= Beginning of Section =

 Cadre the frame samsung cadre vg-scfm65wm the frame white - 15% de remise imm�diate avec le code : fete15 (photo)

= End of Section =
= Beginning of Section =

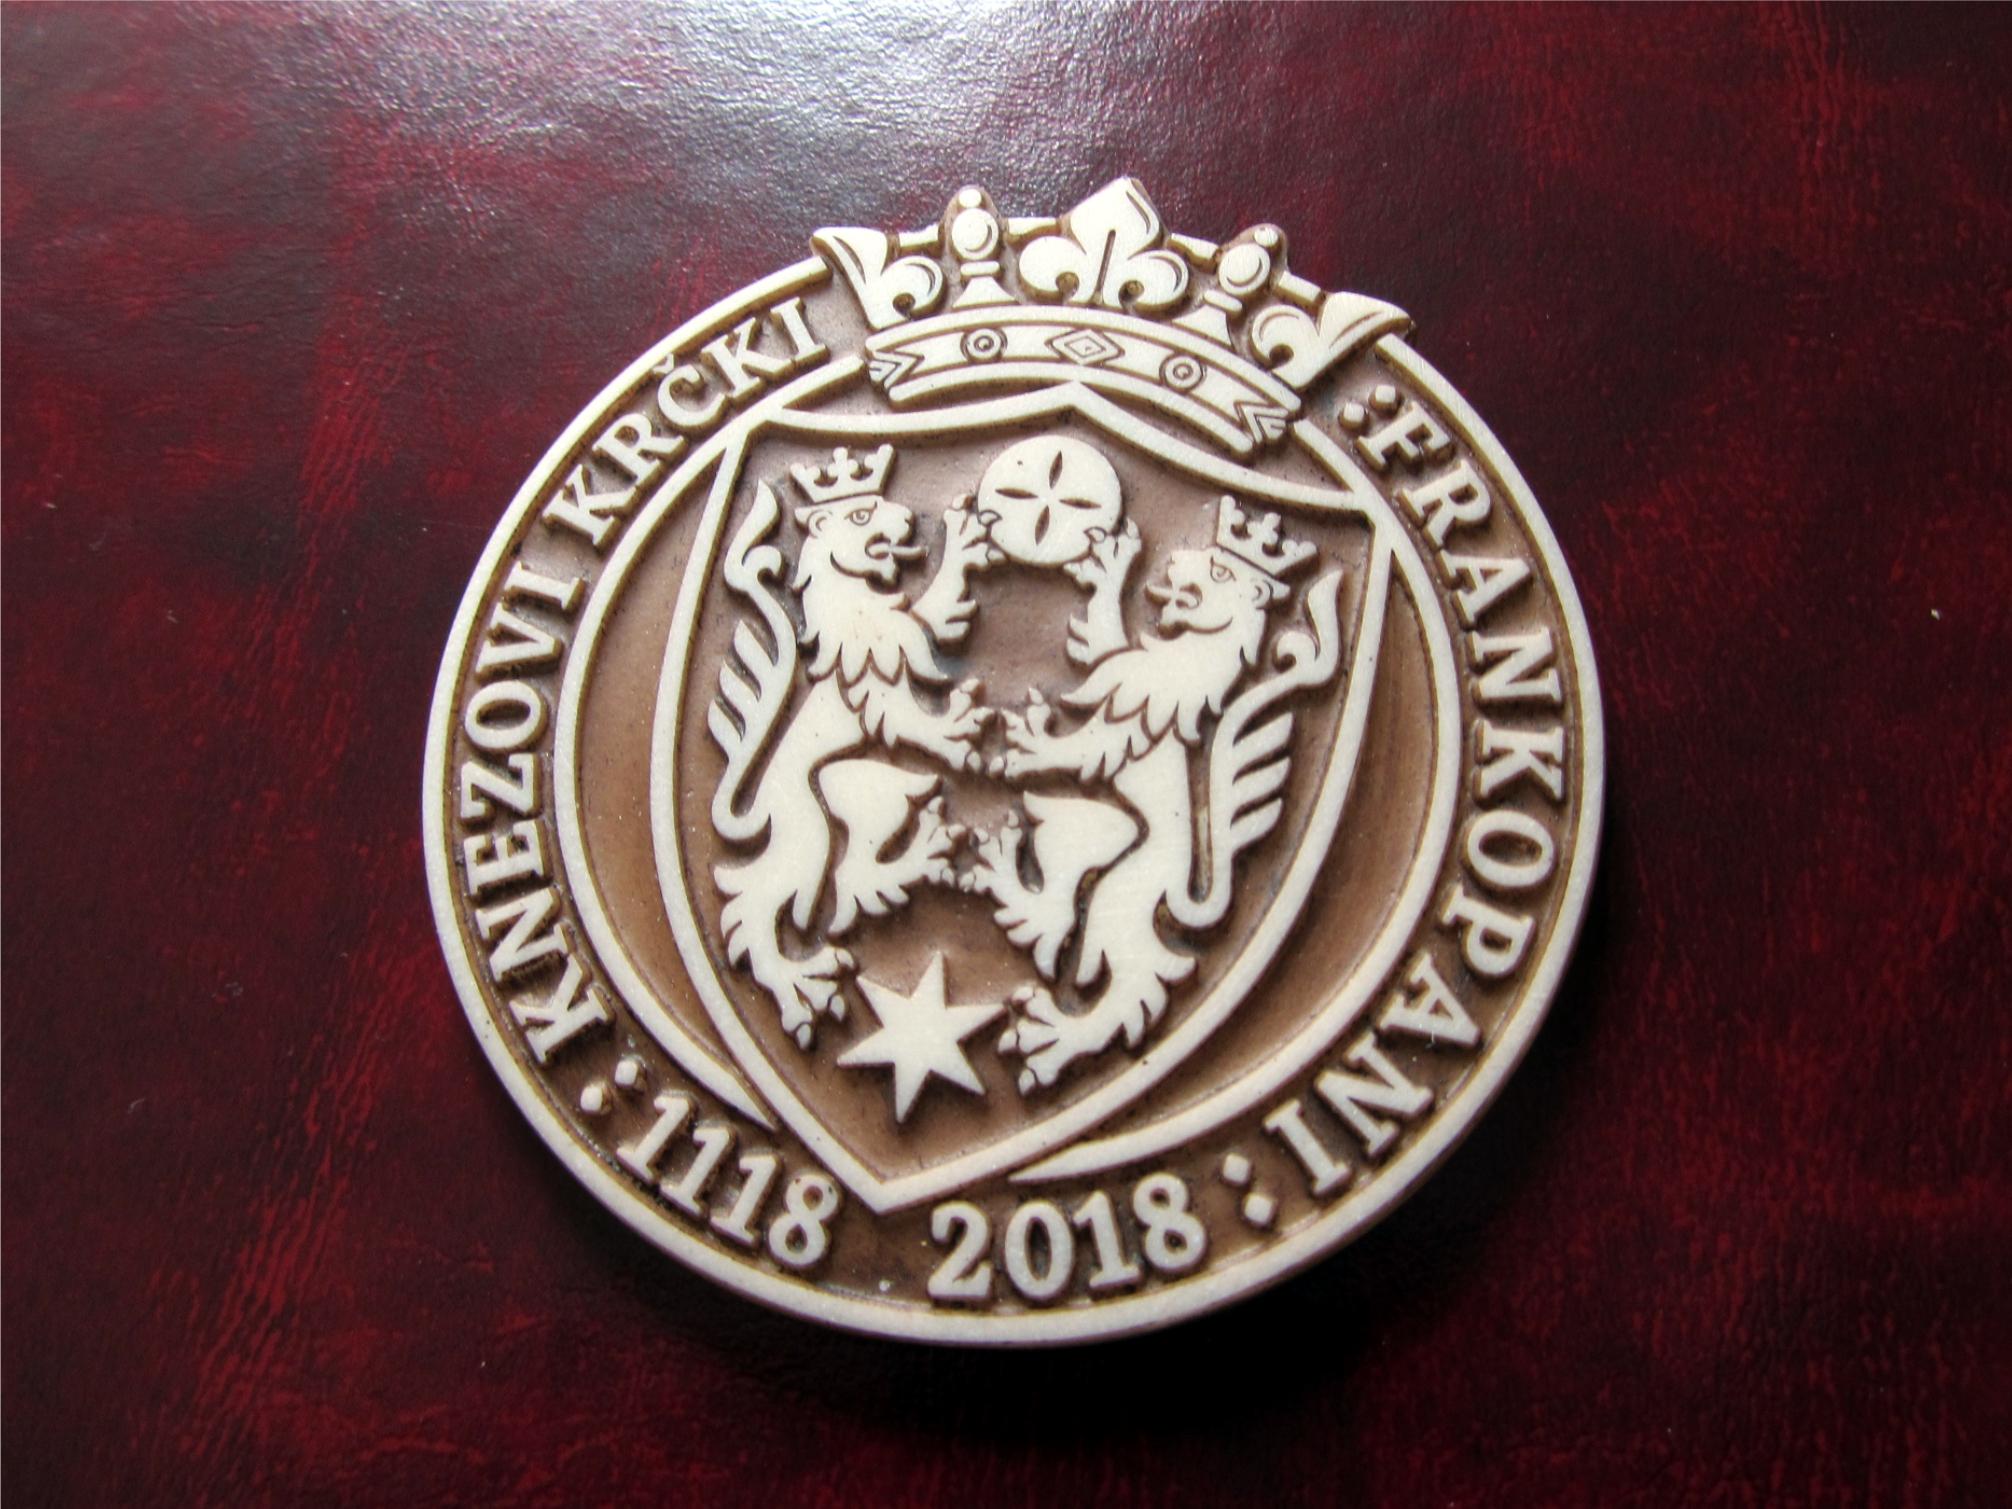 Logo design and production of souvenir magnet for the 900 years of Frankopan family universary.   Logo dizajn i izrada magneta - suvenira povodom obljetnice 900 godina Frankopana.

= End of Section =
= Beginning of Section =

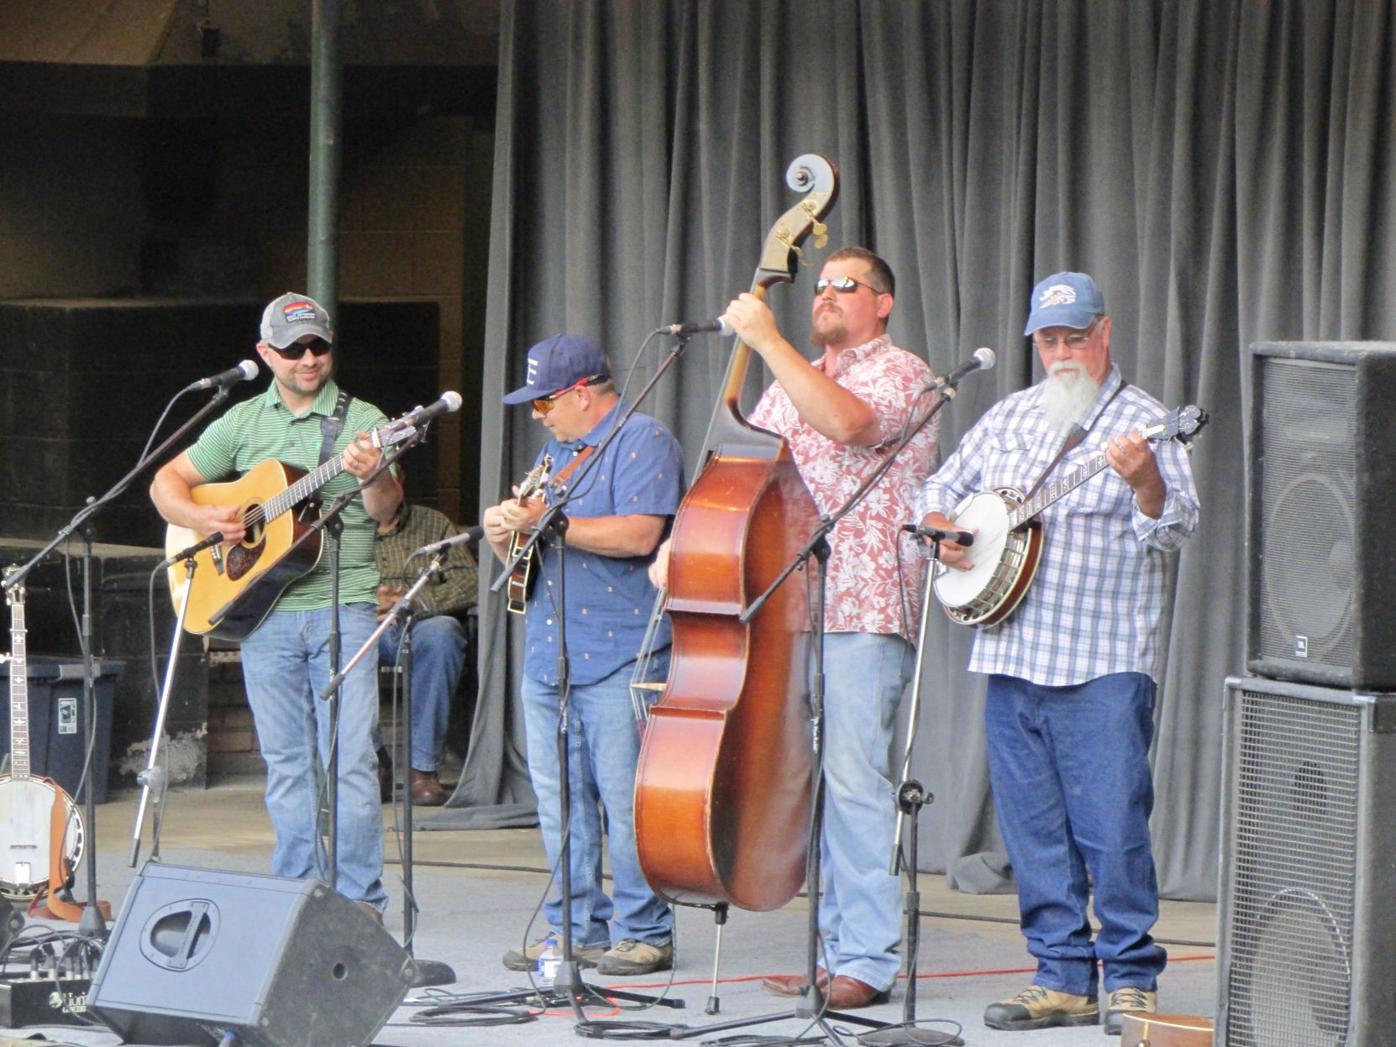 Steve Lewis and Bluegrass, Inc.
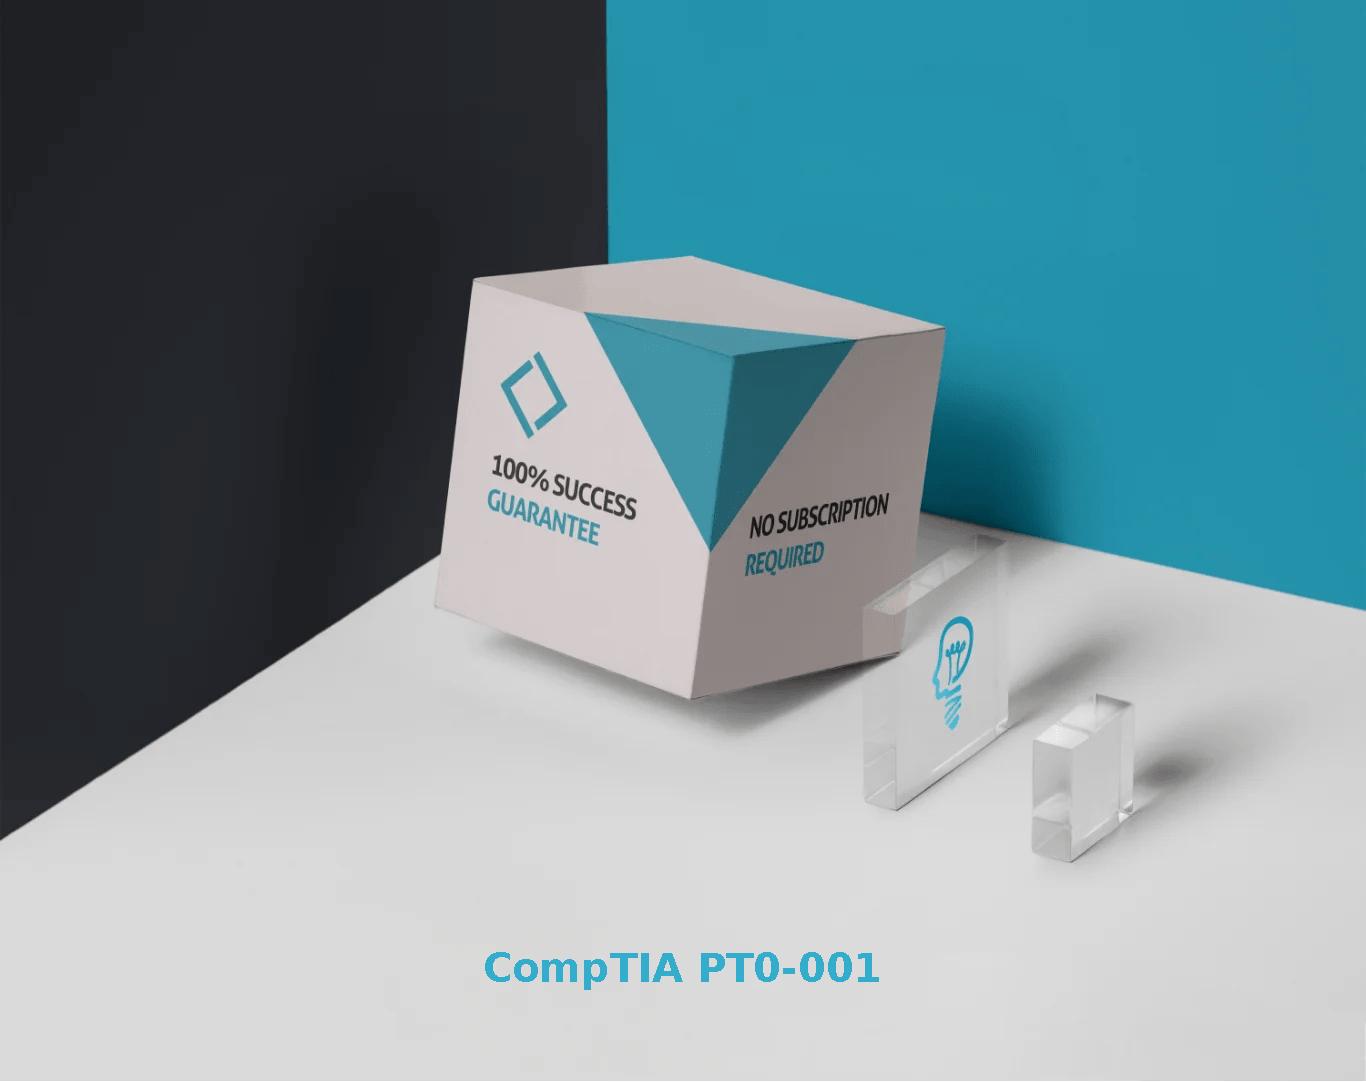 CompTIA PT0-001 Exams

= End of Section =

**Task description:** From the records above, write out exactly the lines that begin at the line with "Steve Lewis and Bluegrass, Inc." and end at the line with "CompTIA PT0-001 Exams". Pictures must not appear in the output.

**Exercise solution:**
 Steve Lewis and Bluegrass, Inc.
 CompTIA PT0-001 Exams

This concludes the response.